If interest rates do rise while housing prices level off or continue a modest appreciation, the monthly cost of a home could be the same as it is now. Base your decisions on what we know now, rather than on what might happen. The first part of the year should continue to see multiple buyers bidding on a given property. A modest rise in prices is also expected, although the days of 20+ offers and 25 percent over asking will become a thing of the past.

Outlook for Sellers

We have seen one of the strongest home value recoveries in history. Year after year, gains in home values have been fueled by low interest rates, lack of housing units, higher consumer confidence and a lower unemployment rate. This creates an ideal scenario for sellers, but not for buyers over time. With the Federal Reserve beginning to talk about raising interest rates during the middle or end of this year, we will begin to see a shift in the market. Although we won’t see a leveling off, we will see a market that will begin to balance between buyers and sellers. If you are thinking about selling, now is the time. If you have outgrown your current home and are thinking about moving up, your time is just around the corner.

San Francisco Hot Spots

Location, location, location has always held true when purchasing real estate. We have seen home prices rise the fastest in areas more centralized to downtown. As buyers become priced out of these neighborhoods, they look to up-and-coming neighborhoods still within San Francisco. We have already begun to see a change in the dynamic of areas such as Mission Bay, Bayview, Ingleside and Crocker. “The Shipyard” (Candlestick Point) is undergoing one of the largest redevelopments since what occurred in the Sunset. Although the aforementioned areas tend to attract more visionary buyers, this could evolve into something truly amazing, as we saw when the Mission Bay neighborhood previously went through redevelopment.

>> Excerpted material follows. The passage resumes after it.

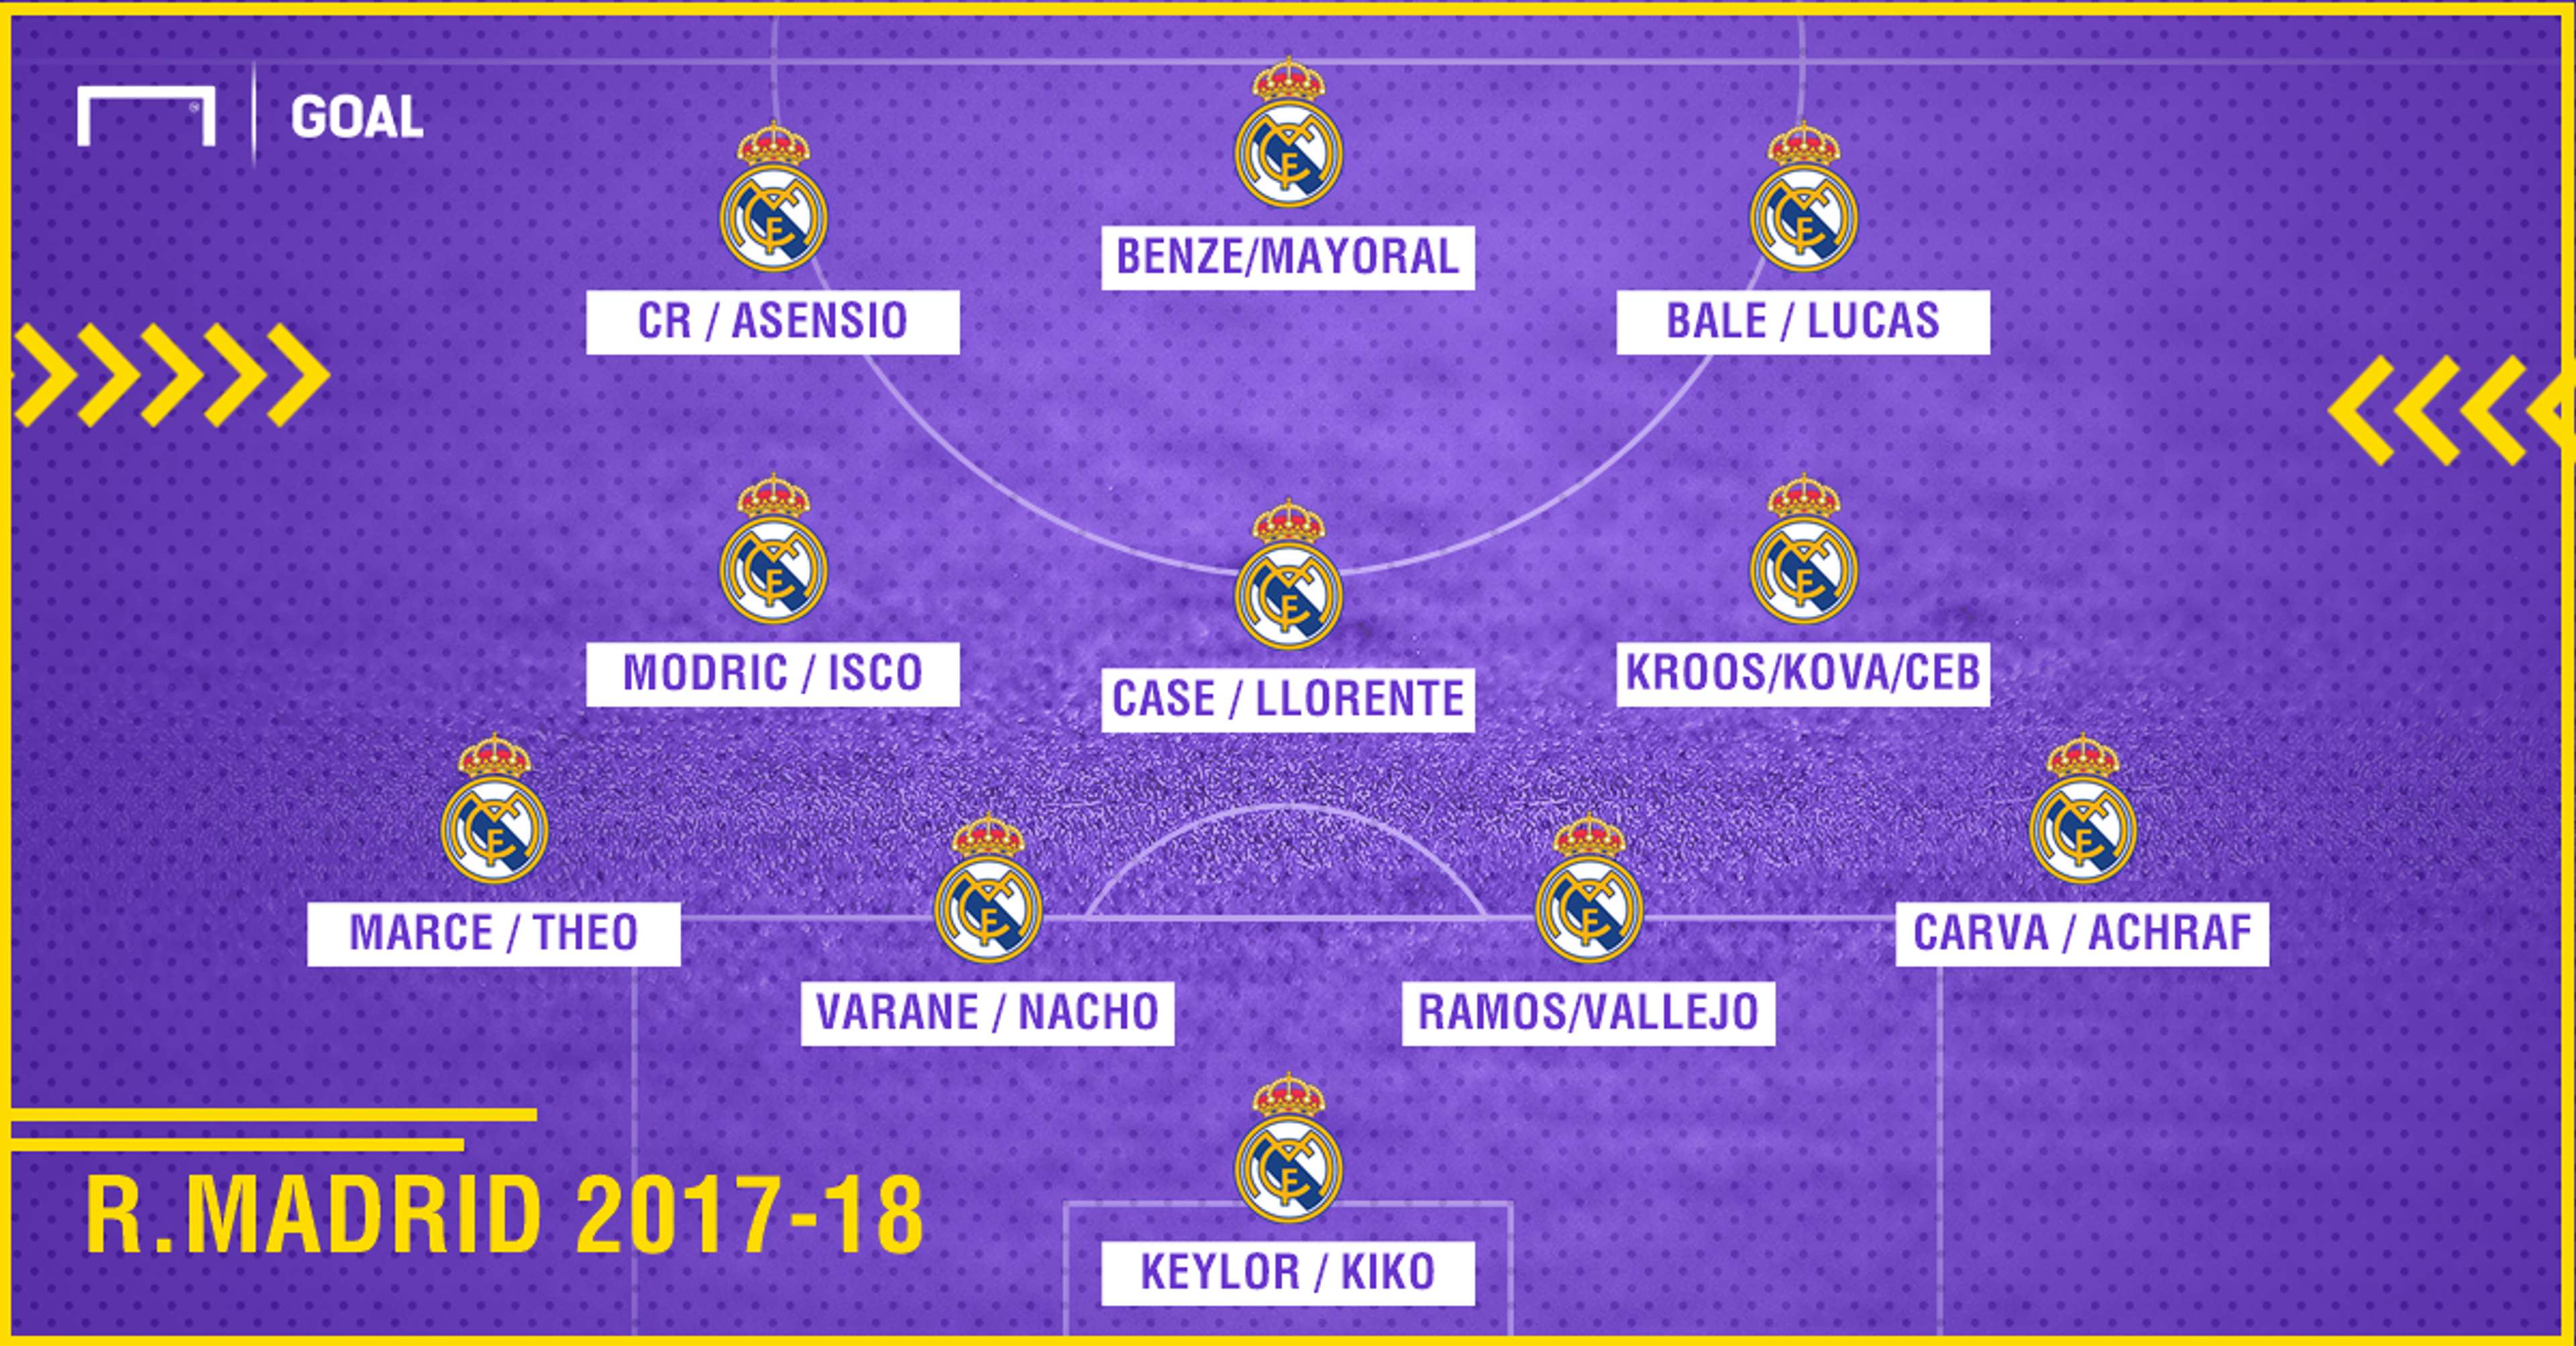 Real Madrid squad for the 2007-08 season

What is needed to balance the market?

I don’t want to be the bearer of bad news, but we need interest rates to rise a bit. We are seeing a flood of buyers in the market and, although there is an aggressive building boom, this will only make a small dent in relieving the supply versus demand problem. An often forgotten, yet important sector, of our real estate market are the sellers that want or need more home space. A gradual increase in interest rates could lead to more of these so-called “move up” sellers. That’s because recent years’ markets have been so strong that they have left some sellers sitting on the sidelines who would like to “move up,” but do not do so because of uncertainty in finding a replacement property. When the confidence of these sellers rises, such that they can sell their current home and find a replacement property, it will help to increase inventory and relieve some of the competition for buyers.